Verweerder betwist dat hij klaagster niet zou hebben geïnformeerd over de noodzaak tot separatie, de ingezette behandeling en de medicatie. Voorts ontkent verweerder dat de meldingen van de separaties ontbreken. Het verwijt dat het gevraagde dossier pas na drie maanden zou zijn verstrekt wordt eveneens door verweerder weersproken. Zodra het verzoek van het verstrekken van het medisch dossier binnenkwam, heeft verweerder dit doorgeleid, waarna een en ander is gekopieerd en naar klaagster is verzonden.

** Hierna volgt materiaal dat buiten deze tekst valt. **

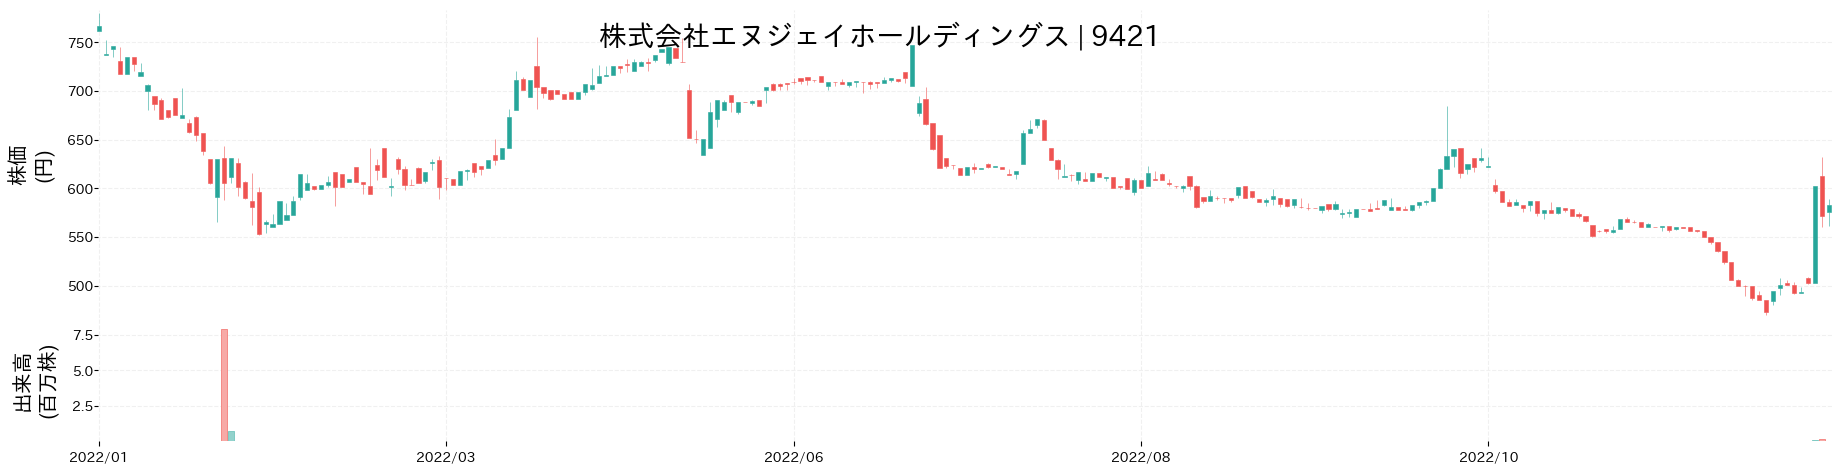 エヌジェイホールディングスの株価推移(2022)

4.2 Behandeling en separatie.

Verweerder betwist uitdrukkelijk dat - zoals min of meer wordt gesuggereerd - lichtvaardig zou zijn besloten tot separatie. Steeds is er sprake geweest van een noodmaatregel waarbij zowel de proportionaliteit als de subsidiariteit in acht is genomen. Volgens verweerder waren er geen andere mogelijkheden. Anders dan klaagster stelt is er, wanneer er sprake is van een noodsituatie, geen toestemming nodig van de curator.

5. Beoordeling van de klacht

Naar aanleiding van de stukken en het verhandelde ter zitting overweegt het college als volgt.

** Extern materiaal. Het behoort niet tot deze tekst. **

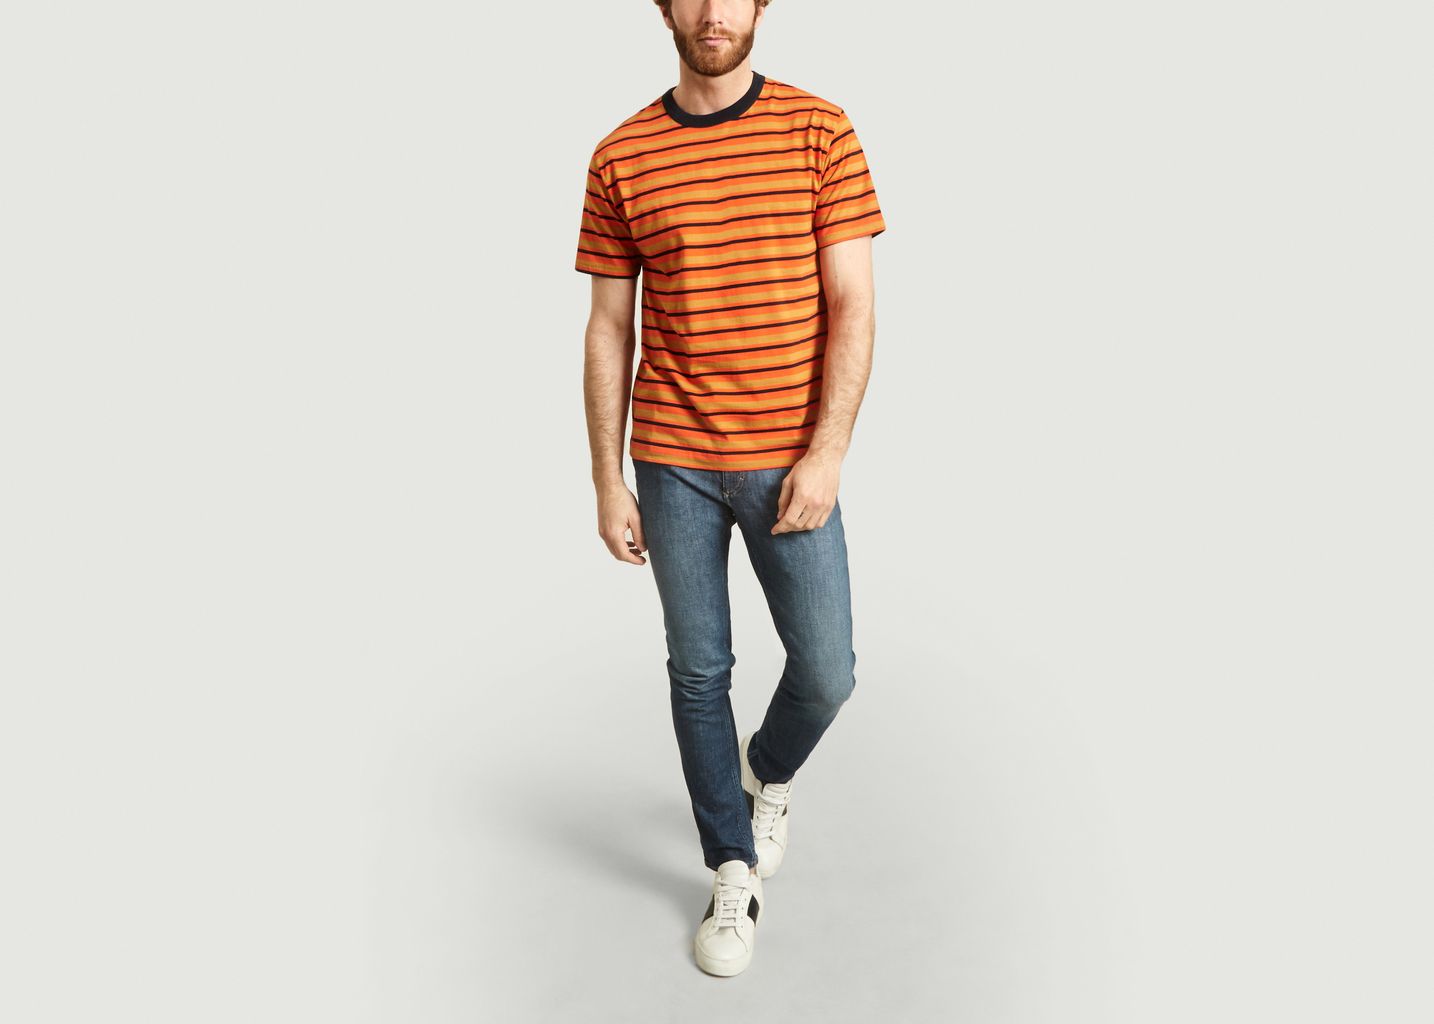 Mate t-shirt printed stripes  - Loreak Mendian

Nu er een behandelrelatie tussen partijen heeft bestaan vanaf 25 oktober 2007 tot 20 maart 2008, zal het College moeten beoordelen of er in die periode sprake is geweest van tuchtrechtelijk verwijtbaar handelen aan de zijde van verweerder. Het college wijst er allereerst op dat het bij de tuchtrechtelijke toetsing van professioneel handelen er niet om gaat of het handelen beter had gekund maar of de beroepsbeoefenaar bij het beroepsmatig handelen is gebleven binnen de grenzen van een redelijke bekwame beroepsuitoefening rekening houdende met de stand van de wetenschap en de wettelijke voorschriften ten tijde van het klachtwaardig geachte handelen.

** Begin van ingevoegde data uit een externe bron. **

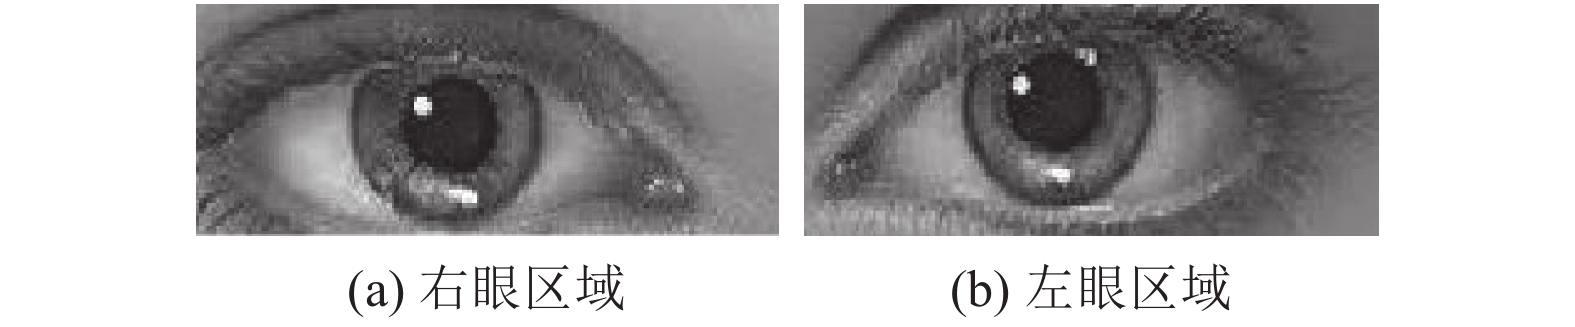 基于灰度积分投影与霍夫圆变换算法的人眼瞳距自动检测

5.2 Informatieplicht en dossierplicht

Gelet op het feit dat er van 25 oktober 2007 tot 20 maart 2008 een behandelrelatie tussen partijen bestond, had verweerder de plicht om klaagster, in haar hoedanigheid van curator, te informeren over de voorgenomen behandeling en het verstrekken van inlichtingen. Verweerder is er niet in geslaagd aannemelijk te maken dat hij aan die plicht naar behoren heeft voldaan. Voorts is er sprake van onvoldoende dossiervoering en ontbrak het behandelplan. Gelet op bovenstaande is verweerder tekort geschoten in zorgvuldigheid ten opzichte van de patiënt en zijn naaste betrekkingen en acht het College de klacht met betrekking tot de informatieplicht en dossierplicht gegrond.

5.3 Behandeling en separatie.

Vast staat dat C tijdens zijn verblijf op F diverse malen werd gesepareerd. Uit de stukken en het verhandelde ter zitting is voldoende vast komen te staan dat deze                                                         

separaties werden uitgevoerd met een beroep op artikel 39 wet BOPZ terwijl er geen sprake was van een rechterlijke machtiging zo als bedoeld in hoofdstuk II van de wet BOPZ.  

Artikel 39 BOPZ luidt als volgt:

Lid 1. Met betrekking tot een patiënt op wie hoofdstuk II toepassing heeft gevonden, kunnen anders dan ter uitvoering van een behandelingsplan met in acht neming van artikel 38, (38b of 38c) geen middelen of maatregelen worden toegepast dan ter overbrugging van tijdelijke noodsituaties welke door de patiënt in het ziekenhuis als gevolg van de stoornis van de geestesvermogens worden veroorzaakt.

Lid 2. De middelen en maatregelen die kunnen worden toegepast in gevallen als bedoeld in het eerste lid, worden bij algemene maatregel van bestuur aangewezen. Daarbij worden termijnen gegeven, gedurende welke ten hoogste de onderscheidene middelen en maatregelen met betrekking tot een bepaalde patiënt mogen worden toegepast.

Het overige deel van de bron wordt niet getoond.